Rick Refactors %DTC, Step by Step

toad · **Posted:** Sat Jan 29, 2011 9:35 pm

Step five is a break from the approach we followed in the first four steps. Instead of doing a pass over the entire routine, I'm doing a single subroutine.

The reason for the change is simple. We have identified all the calls among the subroutines, but we don't yet understand them; we can't until we know what the called subroutines do. That means we need to start fully analyzing the called subroutines. The best way to proceed is to begin with the self-contained subroutines (those that make no calls out), then to move on to those that only call the subroutines we've analyzed, and so on, in waves.

So, starting with the self-contained subroutines, the easiest ones to analyze are those that are documented, i.e., the public self-contained subroutines, since we know more about them than we do about the private self-contained subroutines. There are three of them - COMMA, H-TOH, and S. We now understand them about as well as we can short of digging in, analyzing, annotating, and generally refactoring them, so that's what we need to do next.

For step five, we're completely refactoring H-TOH. I chose it first because it's the most interesting of the three.
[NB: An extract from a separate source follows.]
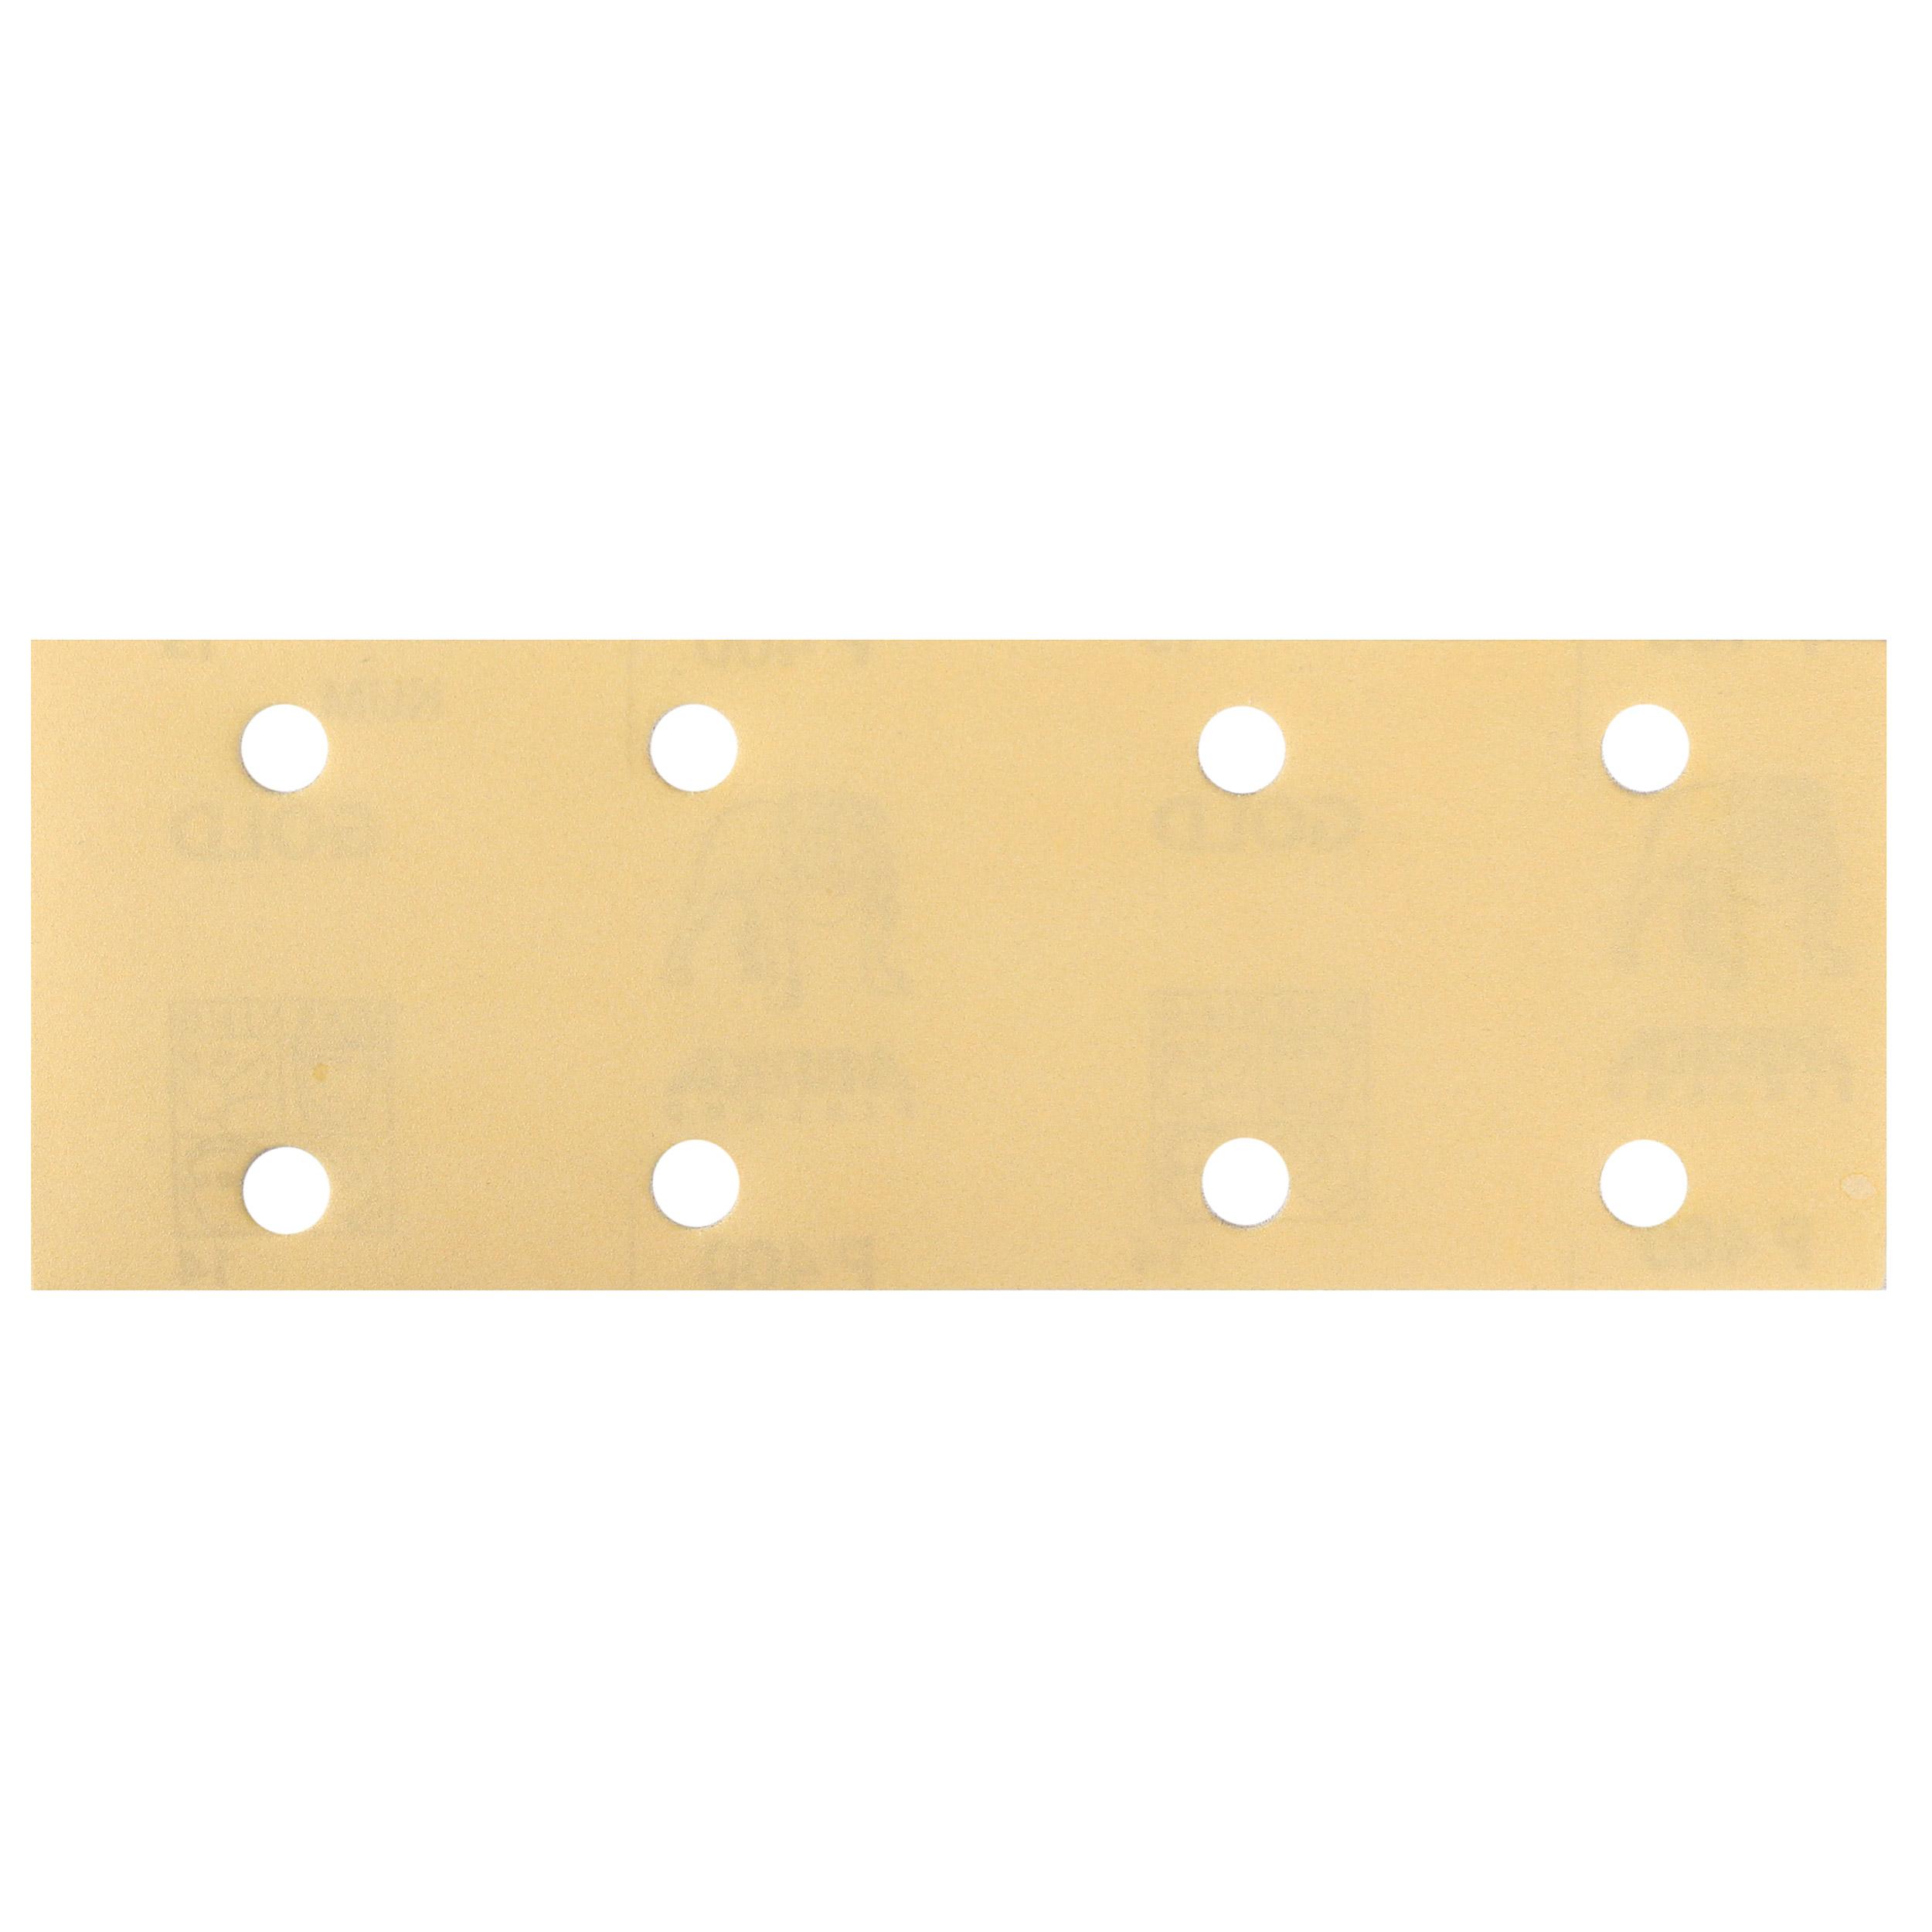 "GOLD 2.75x8"" Grip Sandpaper, 8H P120, 50 Sheets/Box"

It isn't as trivial as S, and it contains what proves to be a disposable label we can remove.

Having sorted out the top-level flow of control, the main two things we need to focus on are (a) the variable scoping and (b) the meaning of the algorithm.

Variable scoping is critically important because most of the complexity in MUMPS software comes from its unusual scoping rules, which usually create a very complicated flow of information that can be nigh impenetrable for anyone but the author to fully understand. There are simple tactics you can follow to tighten up your variable scoping so that variables only exist for precisely as long as they need to, which helps your reader understand when they can be ignored and when they need to be attended to. Annotation about variable scoping should focus on the real context of the information being passed around (not just format but also whether it comes from or goes to specific fields in the database, in an HL7 message, etc.). Variable names should be chosen to help the reader remember that context

The meaning of the algorithms is the single most important reason to annotate your code. No code is self-documenting no matter how clear it is, because the most important thing to document is not what the code is doing but WHY, and no third-generation code is capable of explaining why. Third-generation languages are algorithmic in nature - that is, they specify what you are doing step by step - and without comments that's all they can describe. For example, I may not need you to explain that you're adding 1 to X - any competent MUMPS reader can see that - but I surely need you to explain that an imprecise date needs to count at least one day into the current month or year (which is why you're adding 1 if the date is imprecise).

So with those as the goals of the refactoring, here are the changes I made in refactoring H-TOH.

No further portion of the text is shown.